This article has been broken up into sections to make it easier for the reader to be able to return, at a later time, find the spot where they left off, and finish reading the article.
Exploring The History Of The Tarot
Religious Aspects Of The Tarot
The Major Arcana-The Fools Journey
The Minor Arcana As They Relate To Playing Cards
The Celtic Cross Tarot Spread
Death, Transformation, And The Number 13
Death, Birth and The Butterfly
The Reader turns over the final card in a Tarot spread about you. You gasp. She has turned over the most recognized of all Tarot cards, the Death card. You look up at her; she has a small knowing smile on her face. You think to yourself, "What is she smiling about? Is she happy I'm going to croak?!?"
This is one of the most common misconceptions about the lucky number Thirteen Tarot card. Fortunately, some artists have tried to clarify the true divinatory meaning of the Death card. In the Robin Wood Tarot deck, the Death card portrays the transformative message that is at the heart of the Thirteenth card.
To understand the meaning behind one card in the deck, you must know some of the history surrounding Tarot itself. A complete deck of cards contains seventy-eight cards; twenty-two in the Major Arcana, and fifty-six Minor Arcana. Here we see the first seeds of modern playing cards, of which Tarot is the ancestor. As we will see later, the Deck was slowly whittled down to its present mundane form of fifty-two cards and a Joker. As we explore the history of the Tarot, many more parallels will be drawn between the ancient Tarot and the cards we play simple games with now.

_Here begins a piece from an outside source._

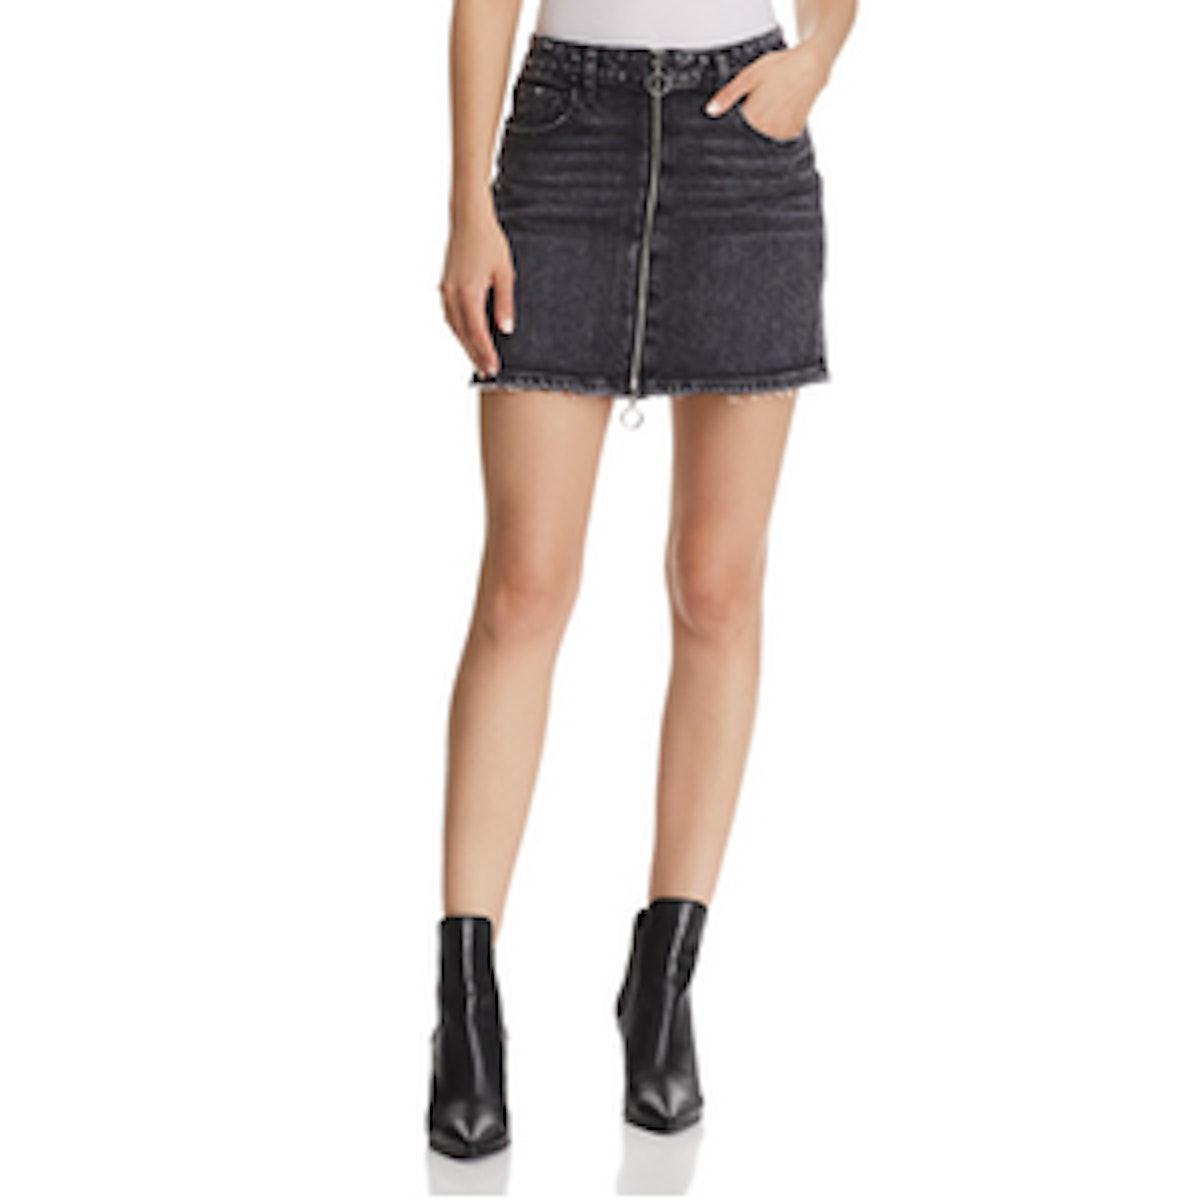 Paige Aideen Denim Mini Skirt in Myra

The very word Tarot is so old, historians do not even know the original meaning for sure. Some think it is derived from the Hebrew word Torah. When the word "Tarot" is read in the Hebrew fashion, from left to right, it becomes "tora", meaning the synthesized total of all knowledge and experience. The similarities are compelling. There is also a marked parallel to be drawn between the number of letters in the Hebrew alphabet
and the number of cards in the Major Arcana.
Another interesting connection the word has is to two ancient Egyptian words, "tar", meaning the way or road, and "ro", meaning king or royal. Thus it can be interpreted that these words combined, possibly to name the Deck, mean "the royal road of life". This implies that Tarot's royal use has been in existence for thousands of years. Some think the Tarot are the
lost Book of Thoth, saved from burning in Egyptian temples, and brought to Europe by Gypsies.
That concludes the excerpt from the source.